Segregate Even and Odd Nodes in a Linked List
Problem Description​
In a linked list, the goal is to rearrange the nodes such that all even-valued nodes appear before all odd-valued nodes. The relative order of the even and odd nodes should remain the same as in the original list.

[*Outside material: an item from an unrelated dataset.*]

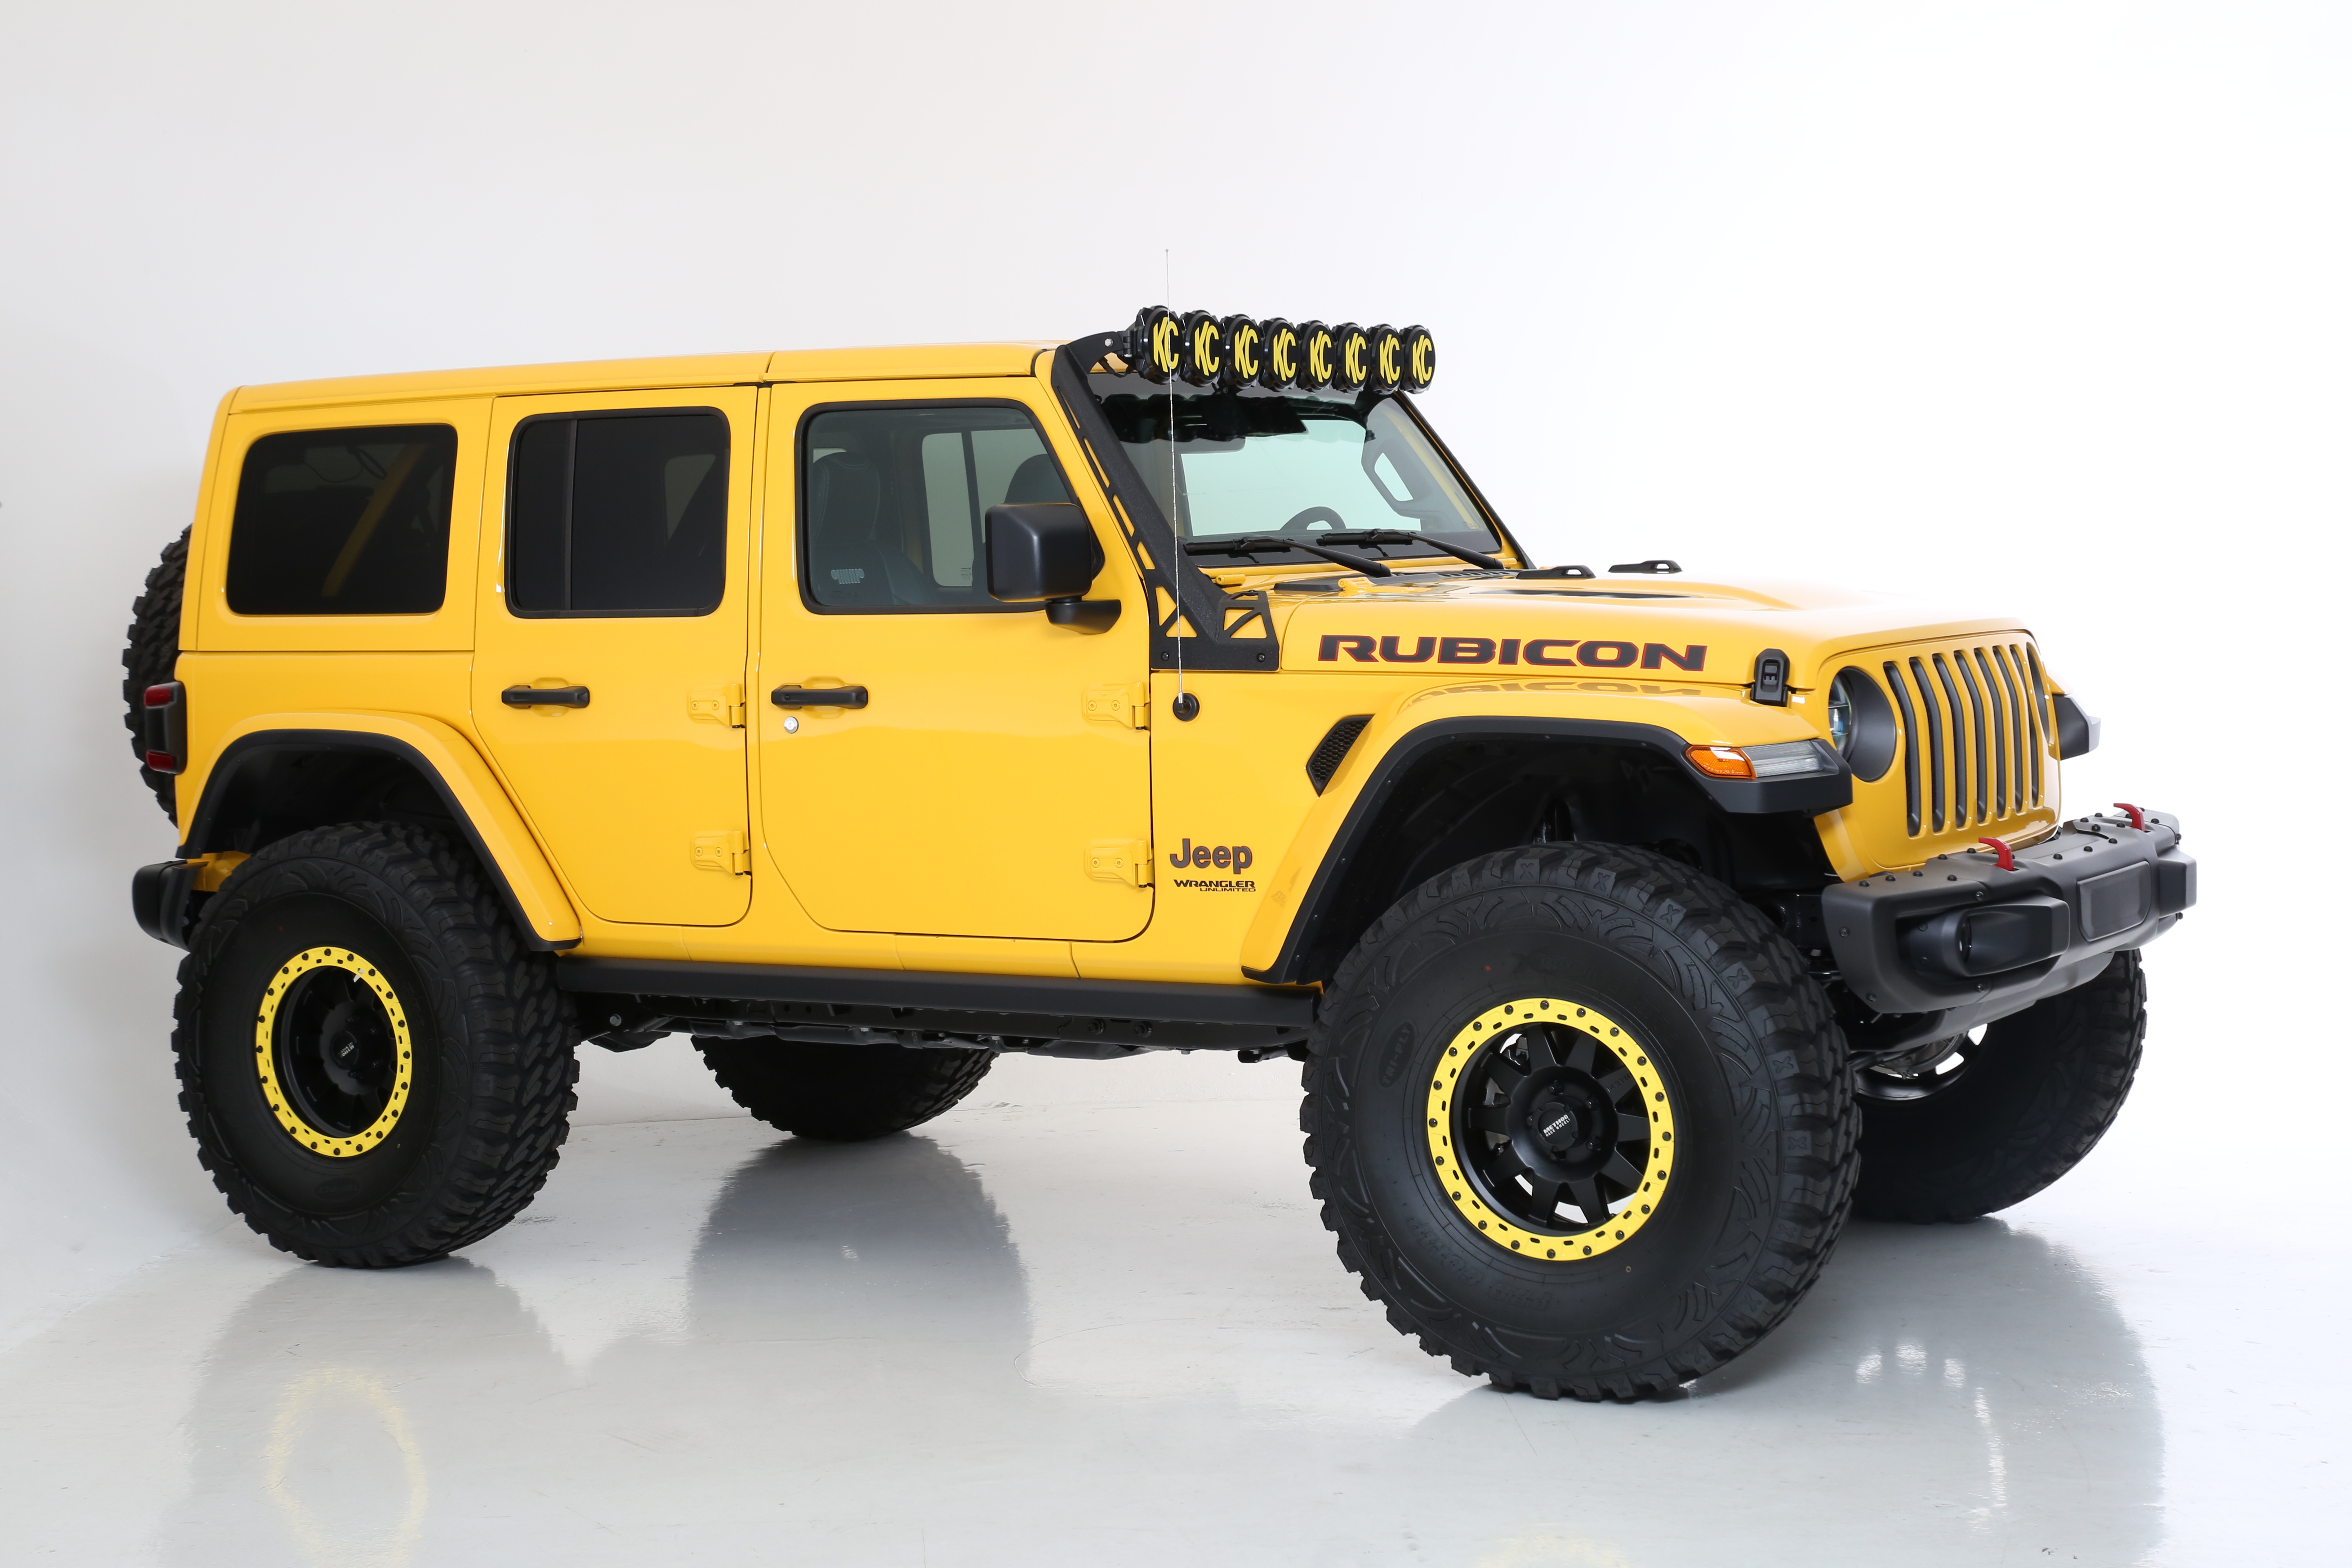 lifted JK Wrangler 2014 Dune color with Atlas bumpers from DSI

For example, given the linked list 1 -> 2 -> 3 -> 4 -> 5, the output should be 2 -> 4 -> 1 -> 3 -> 5.
Approach​
To segregate even and odd nodes, we can use the following approach:
-
Initialize Pointers:
- Use two pointers to keep track of the even and odd nodes separately:
evenHeadandoddHead. - Create two additional pointers to build the segregated list:
evenTailandoddTail.
- Use two pointers to keep track of the even and odd nodes separately:
-
Traverse the List:
- Iterate through the linked list and for each node:
- If the node's value is even, append it to the even list.

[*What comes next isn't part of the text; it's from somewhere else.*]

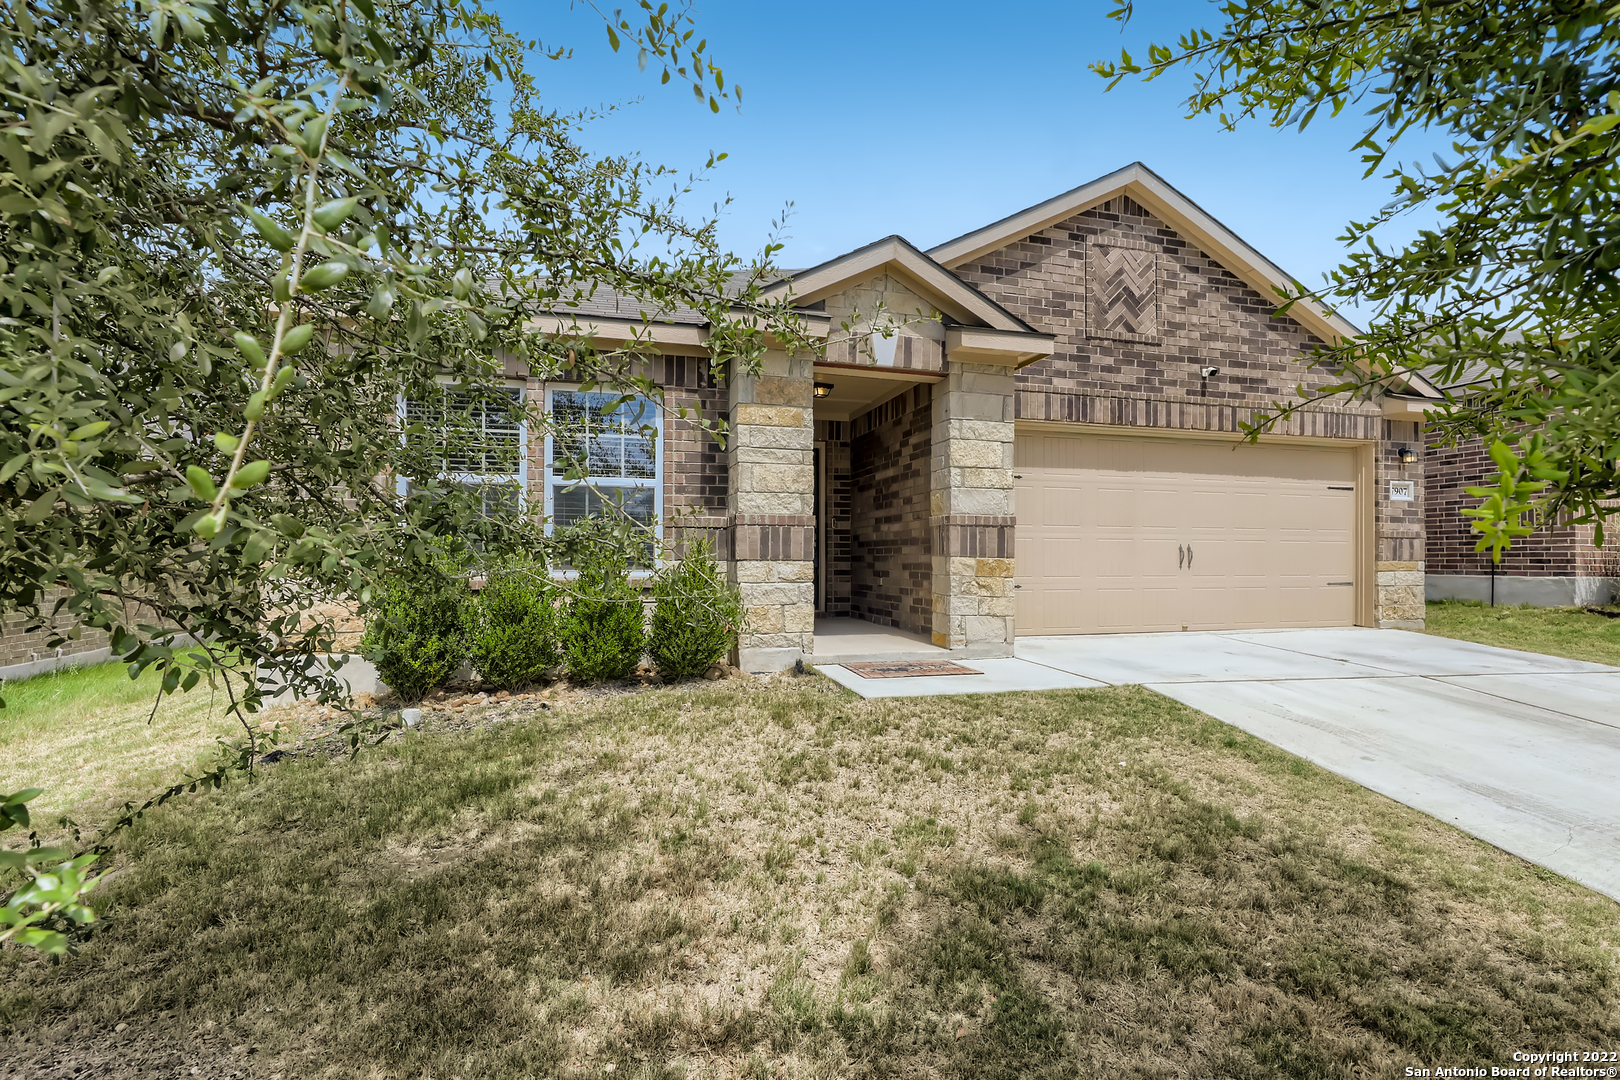 Click the Virtual Tour link to view the 3D Tour. Lovely one story brick and stone home just built in 2018 about 30 minutes from downtown San Antonio. Dark wood cabinets and granite countertops line this spacious kitchen with a built in breakfast bar and kitchen island. The kitchen has a great view of the eating area and living room, you'll never miss any of the action here! The dining area has a gorgeous chandelier and has a great view of the covered patio in the fenced in backyard. The master closet is everyone's dream with tons of built in shelving. Don't forget to take advantage of the many amenities provided by the Talise De Culebra community including the sparkling pool, huge clubhouse, fun playground and lovely walking trails.

- If the node's value is odd, append it to the odd list.
- Iterate through the linked list and for each node:
-
Combine the Lists:
- After traversing the list, connect the end of the even list to the head of the odd list.
-
Handle Edge Cases:
- If the even list is empty, return the head of the odd list.

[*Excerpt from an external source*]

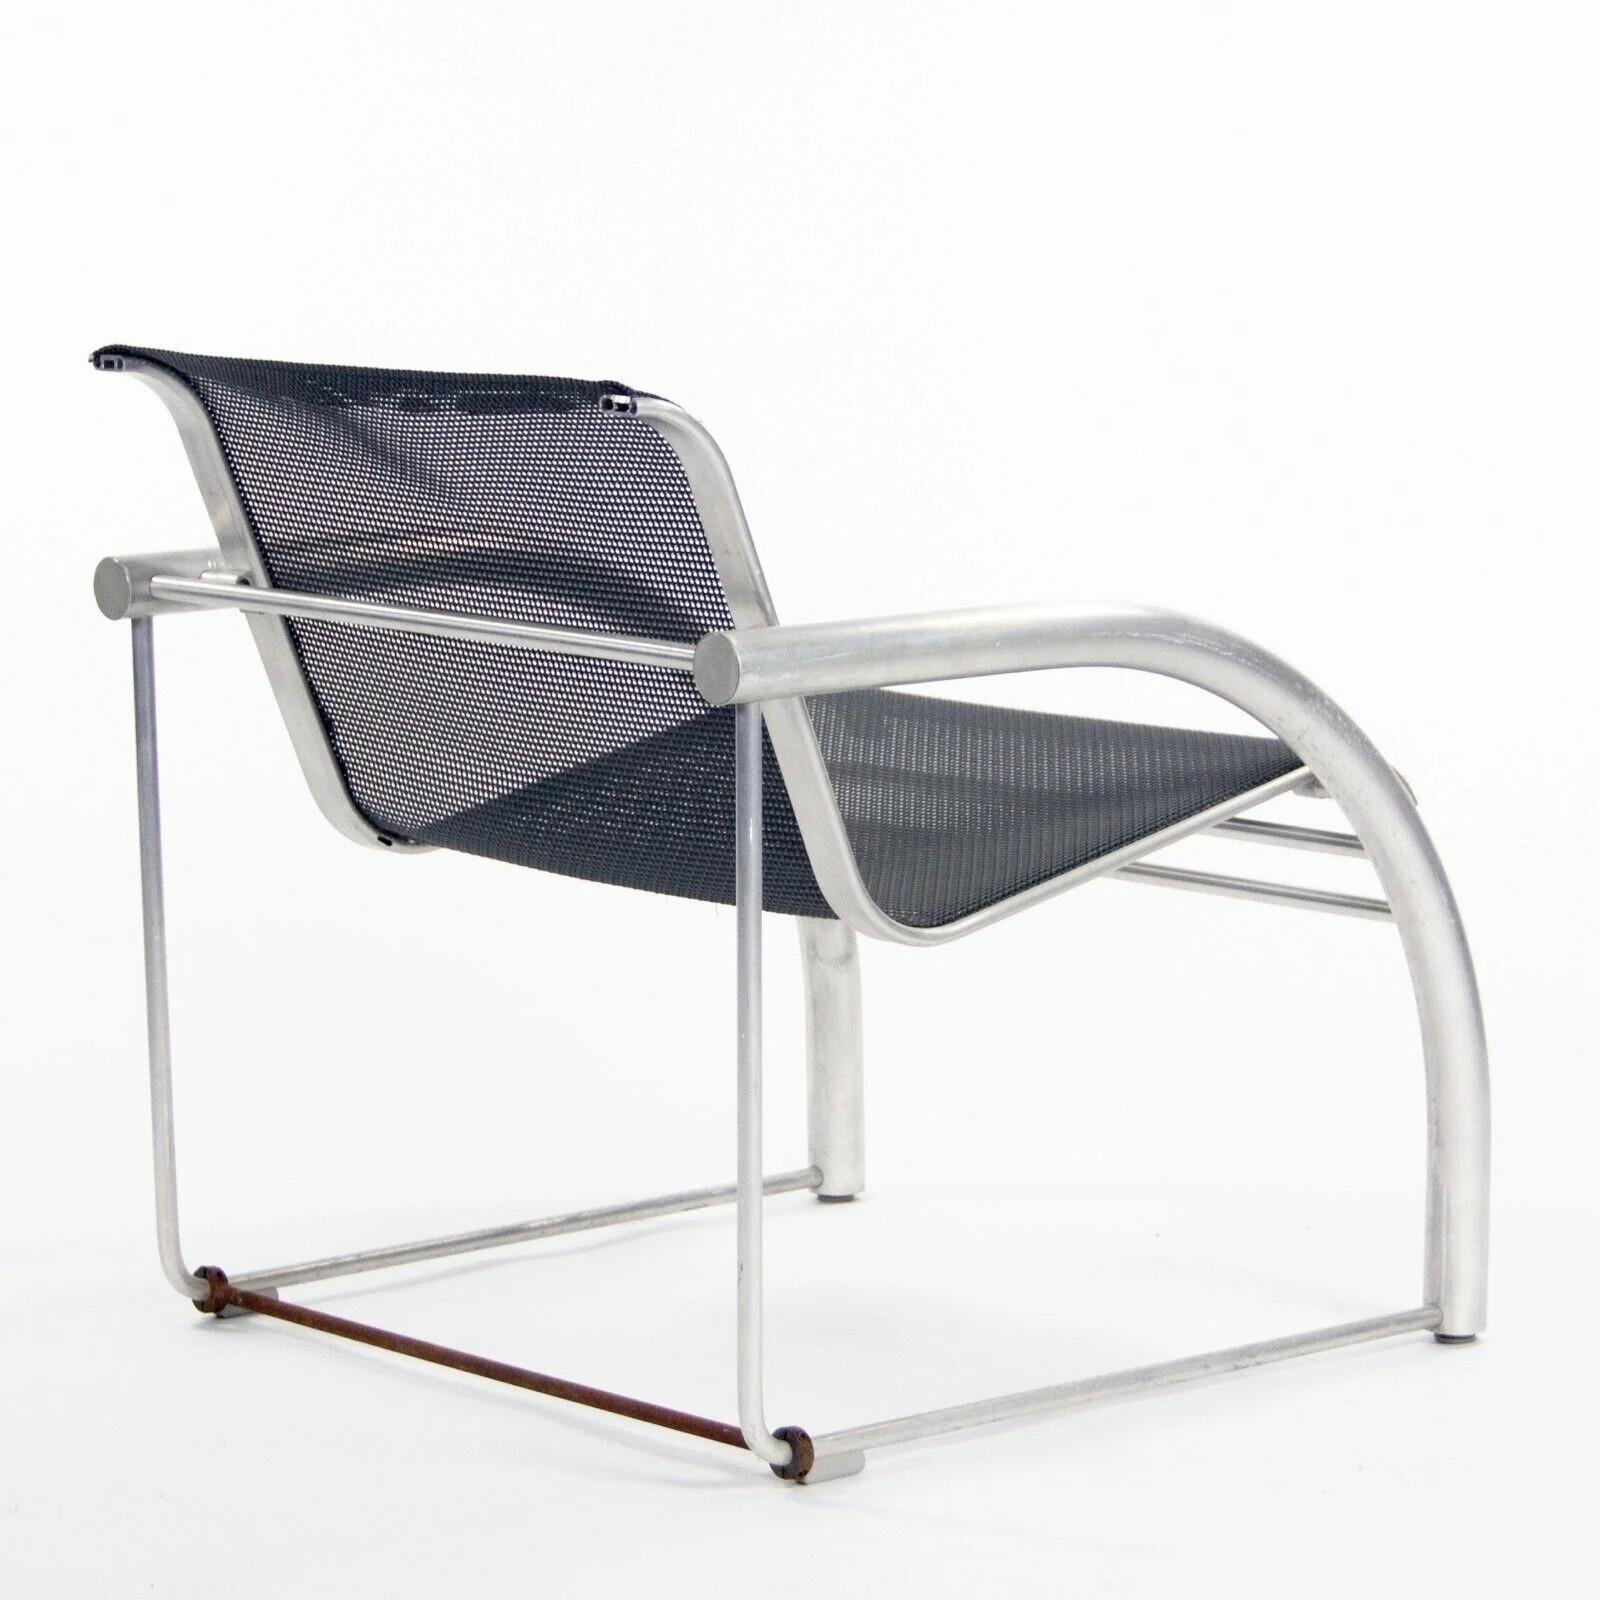 American 2011 Prototype Richard Schultz Mateo Collection Raw Aluminum & Mesh Dining Chair For Sale

- If the odd list is empty, return the head of the even list.
Implementation​
Java​
class Node {
int value;
Node next;
Node(int val) {
this.value = val;
this.next = null;
}
}
class LinkedList {
Node head;
// Function to segregate even and odd nodes
public Node segregateEvenOdd() {
if (head == null) return null;
Node evenHead = null, oddHead = null;
Node evenTail = null, oddTail = null;
Node current = head;
while (current != null) {
if (current.value % 2 == 0) {
// Append to even list
if (evenHead == null) {
evenHead = current;
evenTail = evenHead;
} else {
evenTail.next = current;
evenTail = evenTail.next;
}
} else {
// Append to odd list
if (oddHead == null) {
oddHead = current;
oddTail = oddHead;
} else {
oddTail.next = current;
oddTail = oddTail.next;
}
}
current = current.next;
}
// Combine even and odd lists
if (evenTail != null) {
evenTail.next = oddHead;
}
if (oddTail != null) {
oddTail.next = null; // End the odd list
}
return evenHead != null ? evenHead : oddHead; // Return the head of the combined list
}
// Function to add a new node at the end of the list
public void a
C++​
#include <iostream>
class Node {
public:
int value;
Node* next;
Node(int val) : value(val), next(nullptr) {}
};
class LinkedList {
public:
Node* head;
LinkedList() : head(nullptr) {}
// Function to segregate even and odd nodes
Node* segregateEvenOdd() {
if (!head) return nullptr;
Node* evenHead = nullptr;
Node* oddHead = nullptr;
Node* evenTail = nullptr;
Node* oddTail = nullptr;
Node* current = head;
while (current) {
if (current->value % 2 == 0) {
// Append to even list
if (!evenHead) {
evenHead = current;
evenTail = evenHead;
} else {
evenTail->next = current;
evenTail = evenTail->next;
}
} else {
// Append to odd list
if (!oddHead) {
oddHead = current;
oddTail = oddHead;
} else {
oddTail->next = current;
oddTail = oddTail->next;
}
}
current = current->next;
}
// Combine even and odd lists
if (evenTail) {
evenTail->next = oddHead;
}
if (oddTail) {
oddTail->next = nullptr; // End the odd list
}
return evenHead ? evenHead : oddHead; // Return the head of the combined list
}
// Function to add a new node at the end of the list
void append(int value) {
Node* newNode = new Node(value);
if (!head) {
head = newNode;
return;
}
Node* current = head;
while (current->next) {
current = current->next;
}
current->next = newNode;
}
// Function to print the linked list
void printList() {
Node* current = head;
while (current) {
std::cout << current->value << " -> ";
current = current->next;
}
std::cout << "nullptr" << std::endl;
}
};
// Example usage
int main() {
LinkedList ll;
ll.append(1);
ll.append(2);
ll.append(3);
ll.append(4);
ll.append(5);
std::cout << "Original list: ";
ll.printList();
ll.head = ll.segregateEvenOdd();
std::cout << "Segregated list: ";
ll.printList();
return 0;
}
Python​
class Node:
def __init__(self, value):
self.value = value
self.next = None
class LinkedList:
def __init__(self):
self.head = None
def segregate_even_odd(self):
if self.head is None:
return None
even_head = even_tail = None
odd_head = odd_tail = None
current = self.head
while current:
if current.value % 2 == 0:
# Append to even list
if even_head is None:
even_head = even_tail = current
else:
even_tail.next = current
even_tail = even_tail.next
else:
# Append to odd list
if odd_head is None:
odd_head = odd_tail = current
else:
odd_tail.next = current
odd_tail = odd_tail.next
current = current.next
# Combine even and odd lists
if even_tail:
eve